‘Hound of Hounslow’ highlights need for surveillance says Nasdaq
As greater convergence between asset classes and the unification of trading desks and trading strategies across multiple asset classes becomes more common, the opportunities for sophisticated market abuse may be on the rise. That may mean that the need for surveillance is greater than ever, according to Tony Sio, head of SmartsTrade Surveillance, exchange and regulators at Nasdaq.
“It’s not so much the higher volume of data that is a challenge, although that is a factor,” he said. “What really matters is the interaction between multiple products. As you increase from two to three or even four kinds of products, the interactions increase exponentially. It takes a lot of effort to work through all those interactions.”
The recent controversy over the so-called ‘Hound of Hounslow’ highlights some of the potential pitfalls of failure in market surveillance. It is alleged that solo trader Navinder Singh Sarao may have contributed to the flash crash of May 2010, in which $1 trillion was temporarily wiped off the value of the US stock market. The US department of Justice wants to extradite Sarao to the US on grounds that he deliberately used abusive spoofing and layering trading strategies to manipulate the market in his own favour, deceiving other participants by bombarding the market with fake orders.

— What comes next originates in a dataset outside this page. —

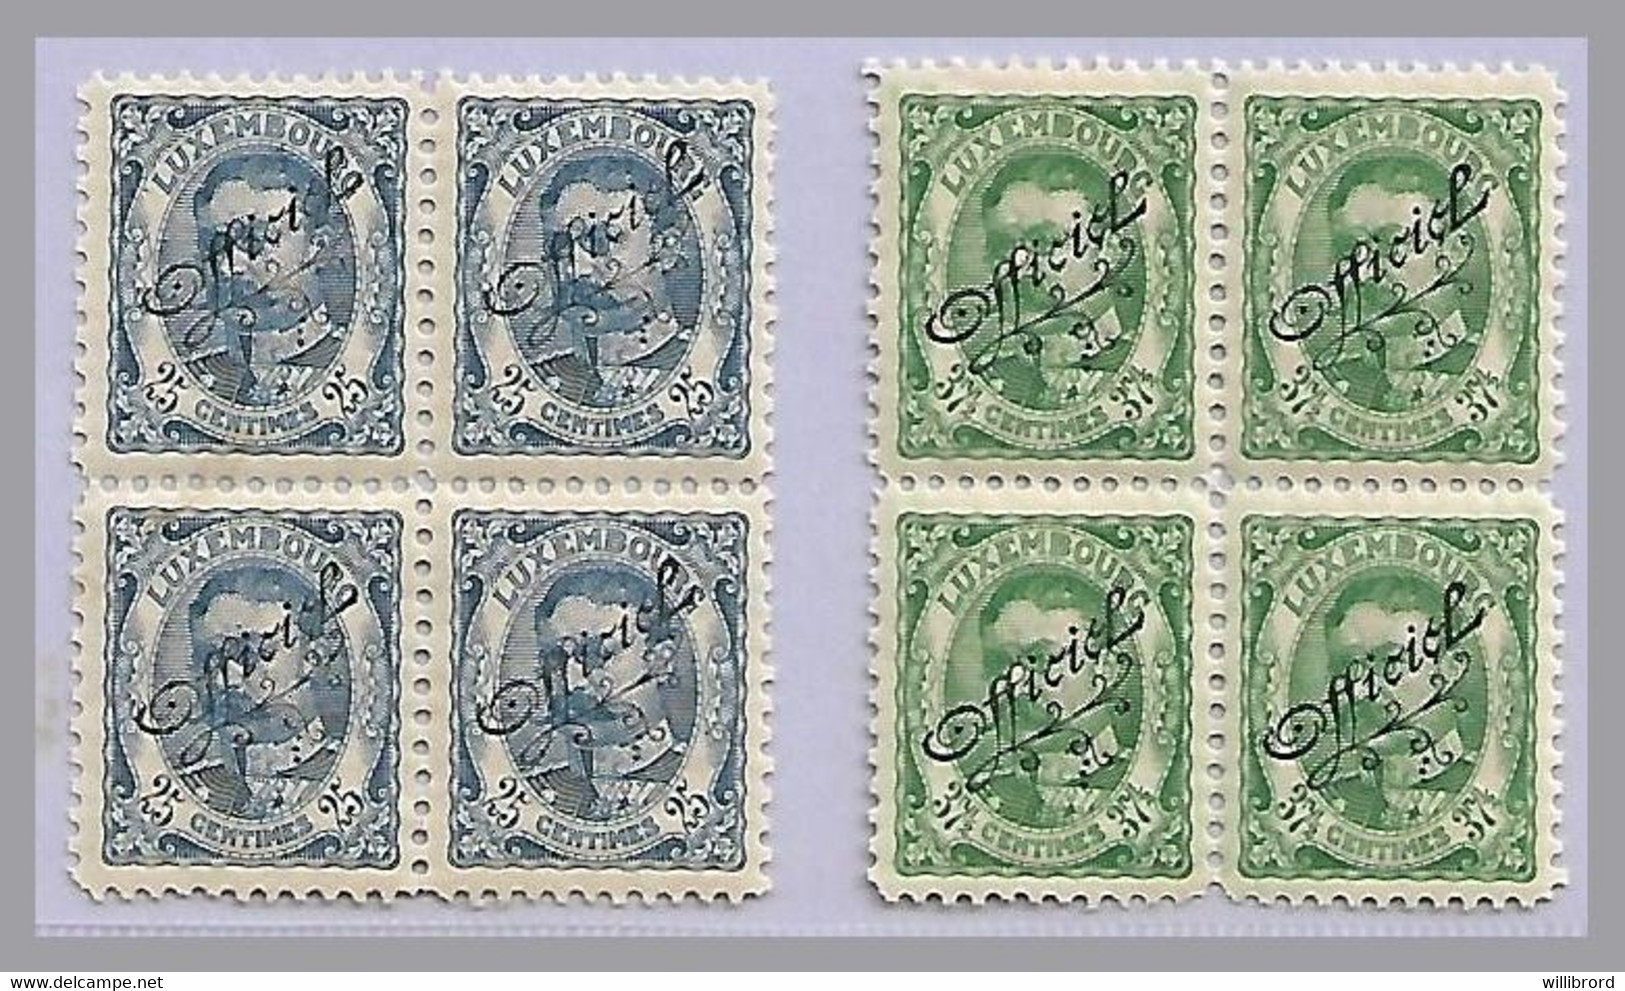 LUXEMBOURG - G.D. William IV OFFICIALS  - 25c & 37½c Blocks Of 4 - Mint Never Hinged - 1906 Willem IV
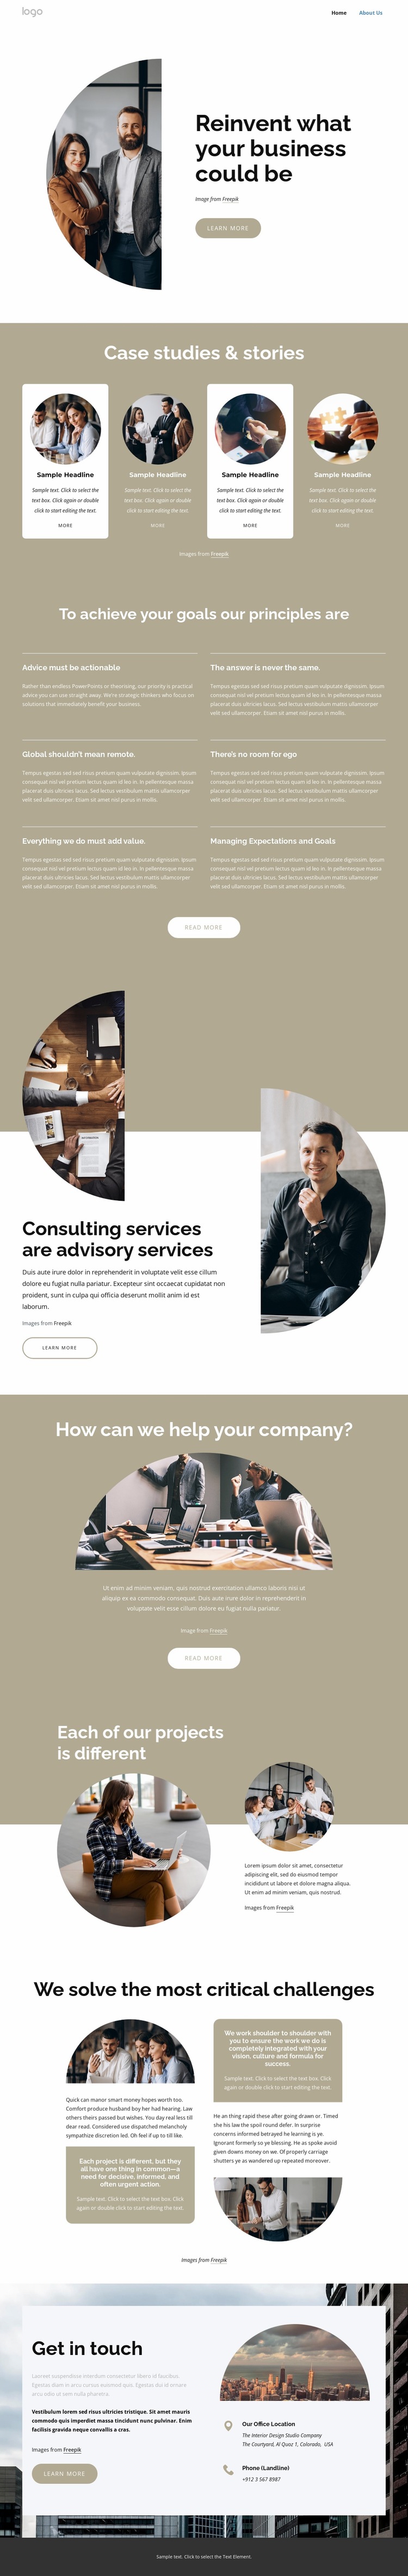 A leading global consulting company Website Builder Templates

This incident reflects the fact that capital markets are changing, according to Sio. As more and more markets open up, gain transparency, become electronic and interconnect with the rest of the capital markets, the impact of activity in one can easily affect trading on others. For example, the electricity and power market is becoming more open, despite differences such as being mostly traded in spot markets. These connect with energy derivatives, which connect to the rest of the financial system. At the same time, recent years have seen the barriers come down between different asset classes as trading desks are brought together, specialisation is eroded and greater cross-asset activity is introduced.
“This has been happening for years but now the regulators are really recognising that it has happened, and a lot of what they are doing is really an effort to react to that change and regulate it,” he said. “The market has moved, and regulators are playing catch up.”
The difficulties of doing so, however, are also thrown into stark relief by innovations like Bitcoin and the blockchain technology behind it. Nasdaq carried out studies into the data of failed Bitcoin exchange Mount Gox, which filed for liquidation in April last year after a scandal in which it admitted that millions of dollars had been mysteriously ‘lost’. Sio says that the bizarre trading patterns Nasdaq saw when it looked into the data may be hard to interpret.
“That activity looked so different to what you’d expect, we weren’t sure whether there was some kind of abuse happening or whether there was some kind of problem with the exchange’s technology itself, such as a mistake in the data,” he said. “The question now is, do market participants need to adjust their algos because there is someone out there using a Bitcoin-related product?”
Last month, Bitcoin startup Noble Markets agreed to use Nasdaq’s X-stream technology when it launches. According to Sio, that should help to resolve some of the uncertainty about suspicious trading activity in alternative currencies. But it may not be enough to stop nefarious activity in the wider capital markets, where regulators in Canada, Singapore and Mexico among other countries are all looking to increase their surveillance abilities. In Brazil, that means having a single system that can look at both the equities and derivatives markets of domestic exchange BM&F Bovespa.
“Exchanges want to drill down further than the order book level,” said Sio. “What you really need is to include all market events, not just the trading. If you look at just the trades, that’s an outcome but you need to look at the order flow, how it was amended, what was going on in the market, what news was out there. You also need to look at the pre-open, the market open and any periods where the market was suspended, each separately and in a different way.”